BEGIN AVAILABLE DATA

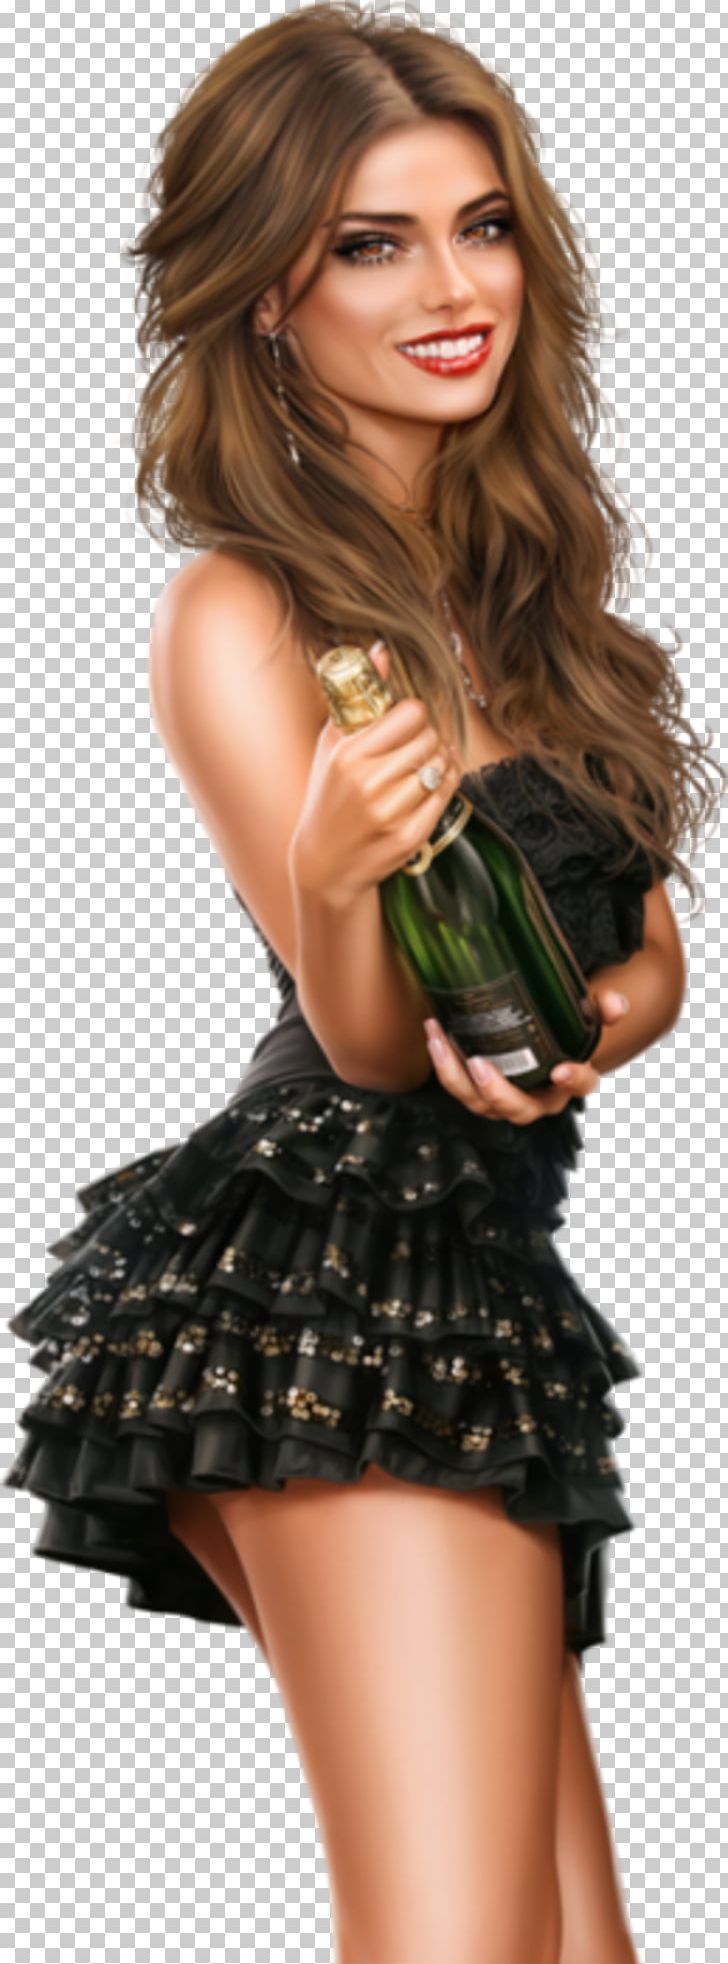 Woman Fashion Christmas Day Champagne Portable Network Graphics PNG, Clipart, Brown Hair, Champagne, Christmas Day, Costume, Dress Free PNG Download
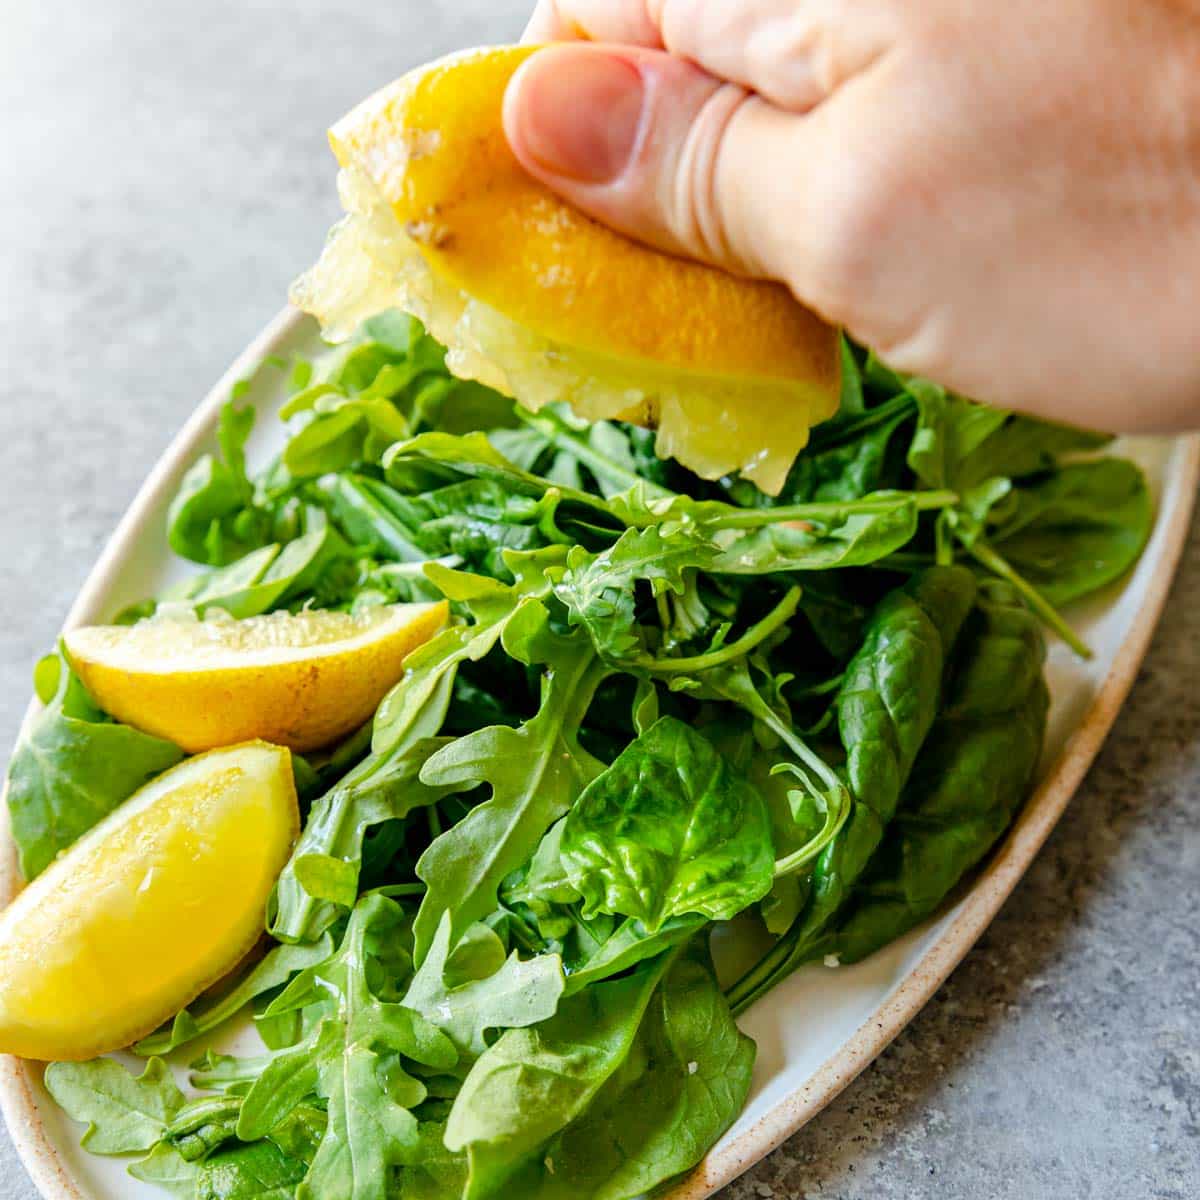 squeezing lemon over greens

END AVAILABLE DATA
BEGIN AVAILABLE DATA

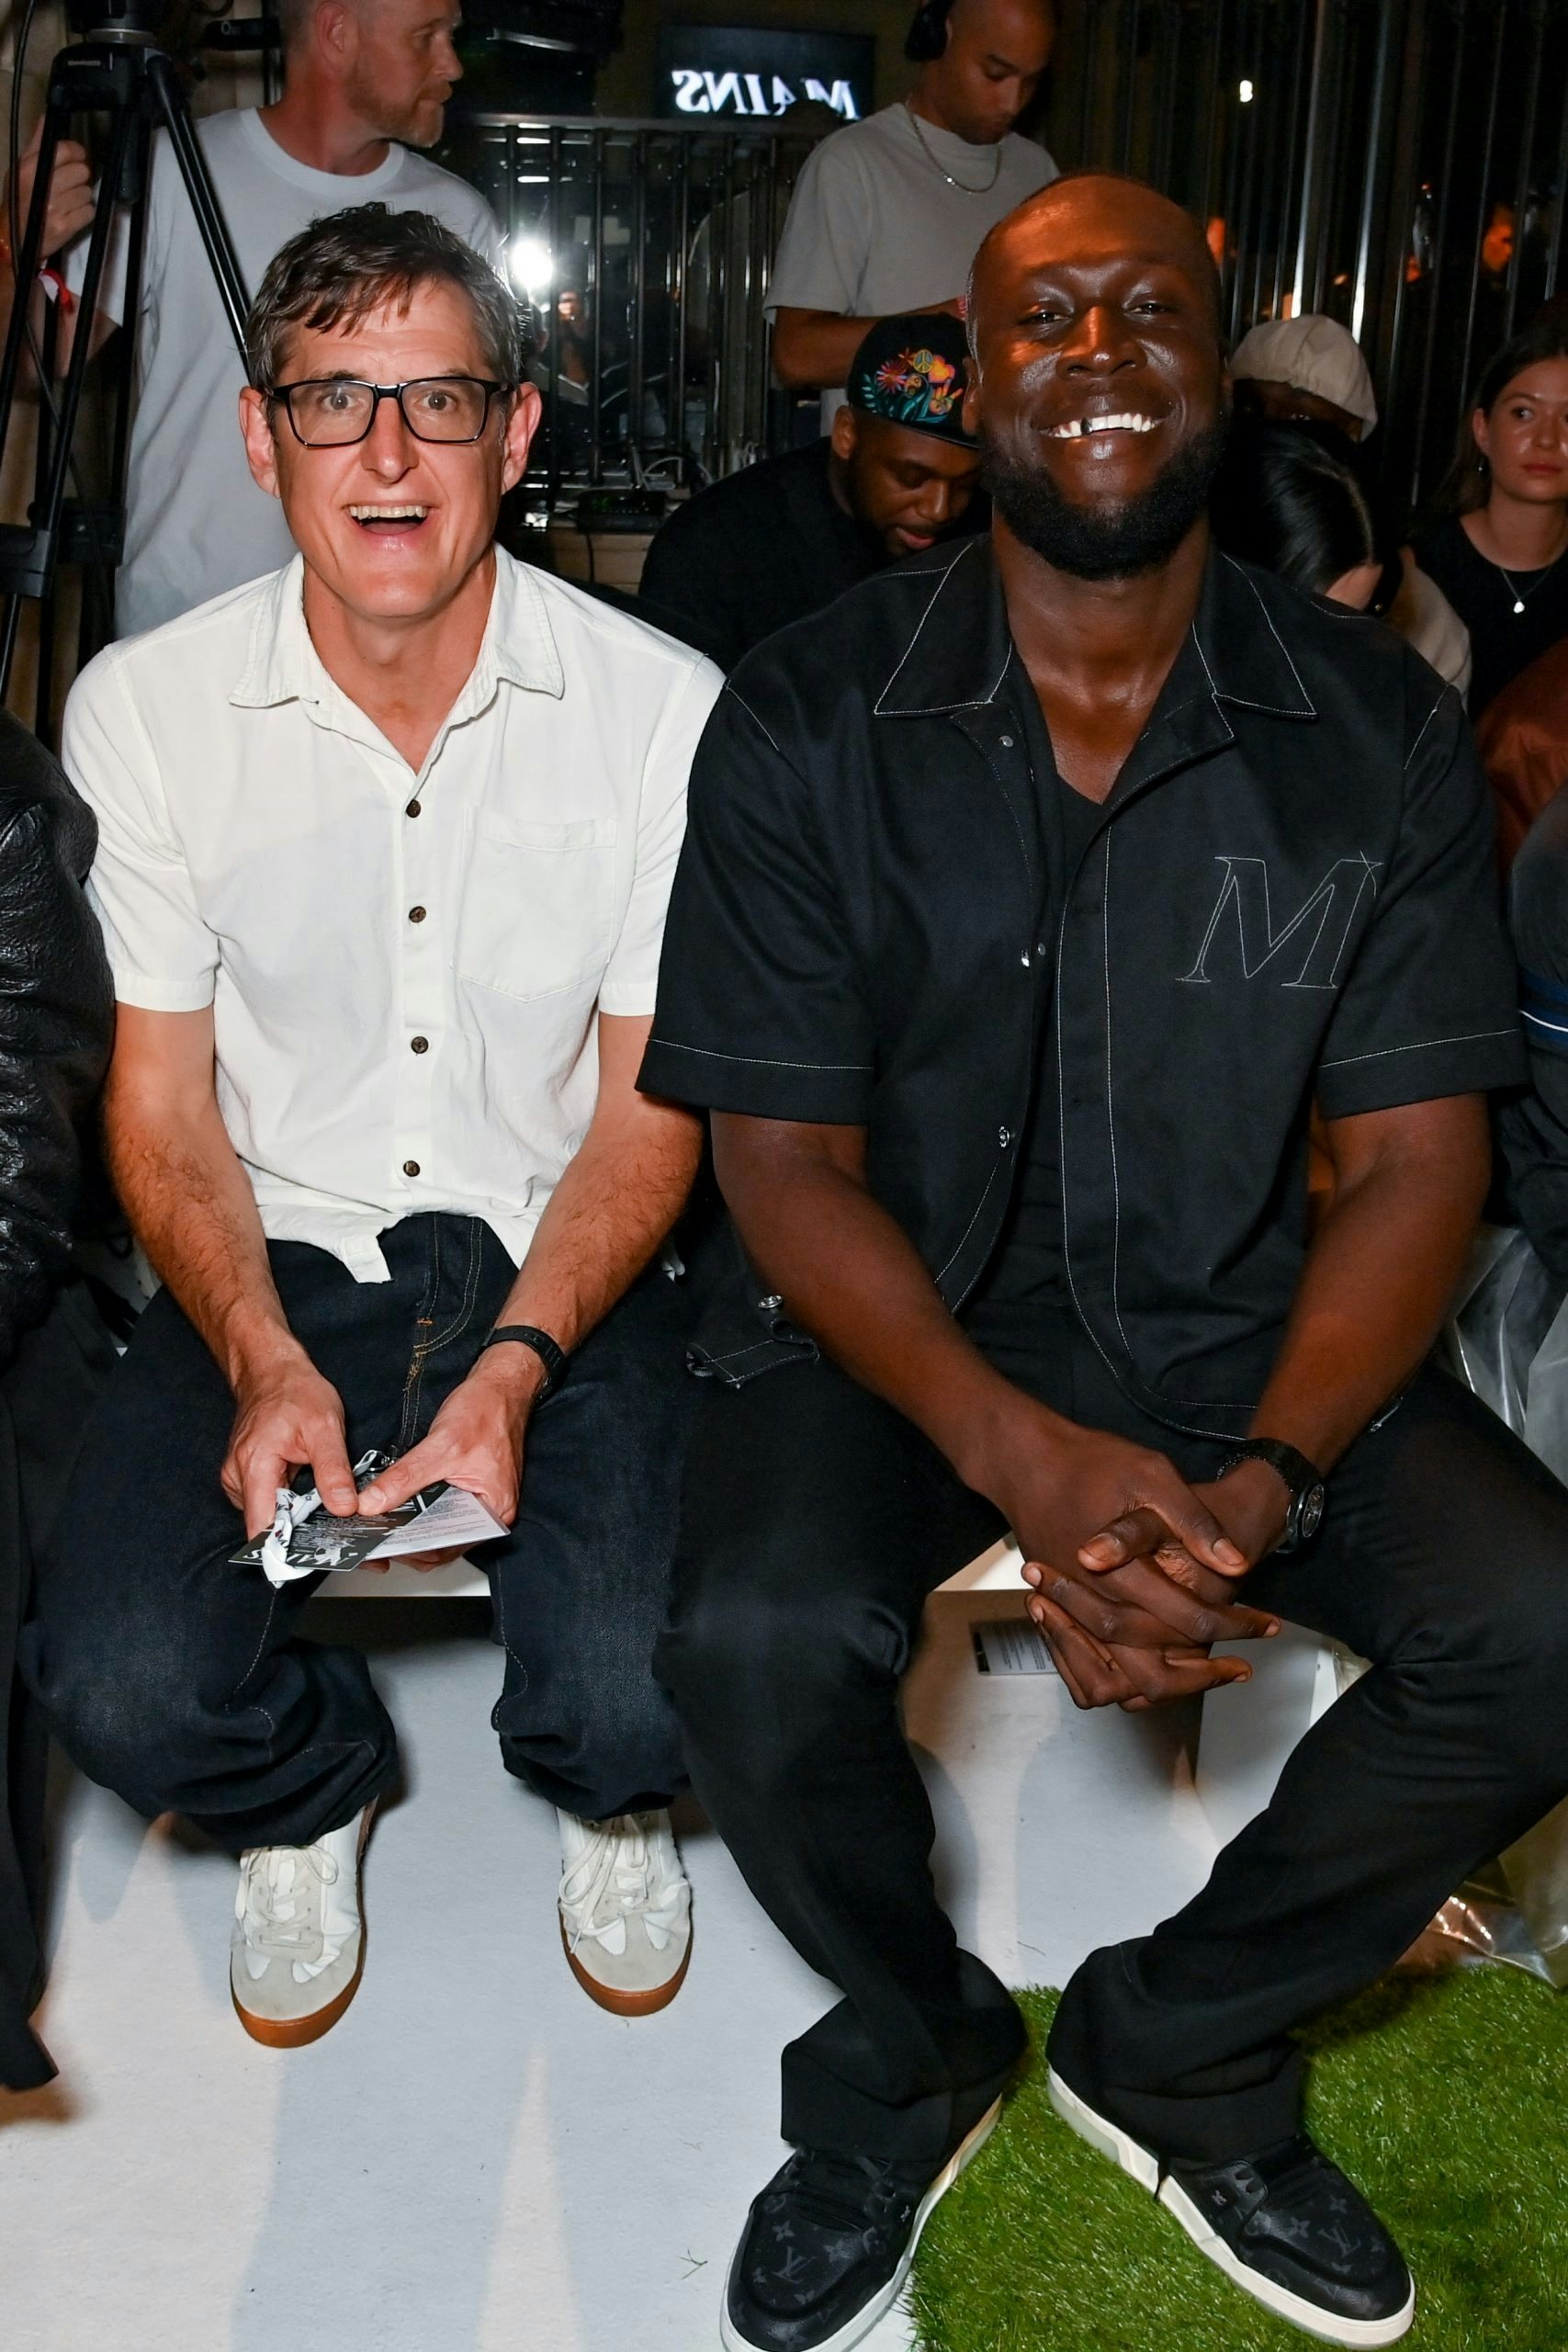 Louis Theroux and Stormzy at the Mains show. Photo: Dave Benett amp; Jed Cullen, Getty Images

END AVAILABLE DATA

**YOUR TASK**
Take the entries above and copy exactly the lines starting at the one with "Woman Fashion Christmas" and ending at the one with "squeezing lemon over greens"; nothing outside that span, and no pictures.

**EXERCISE SOLUTION**
 Woman Fashion Christmas Day Champagne Portable Network Graphics PNG, Clipart, Brown Hair, Champagne, Christmas Day, Costume, Dress Free PNG Download
 squeezing lemon over greens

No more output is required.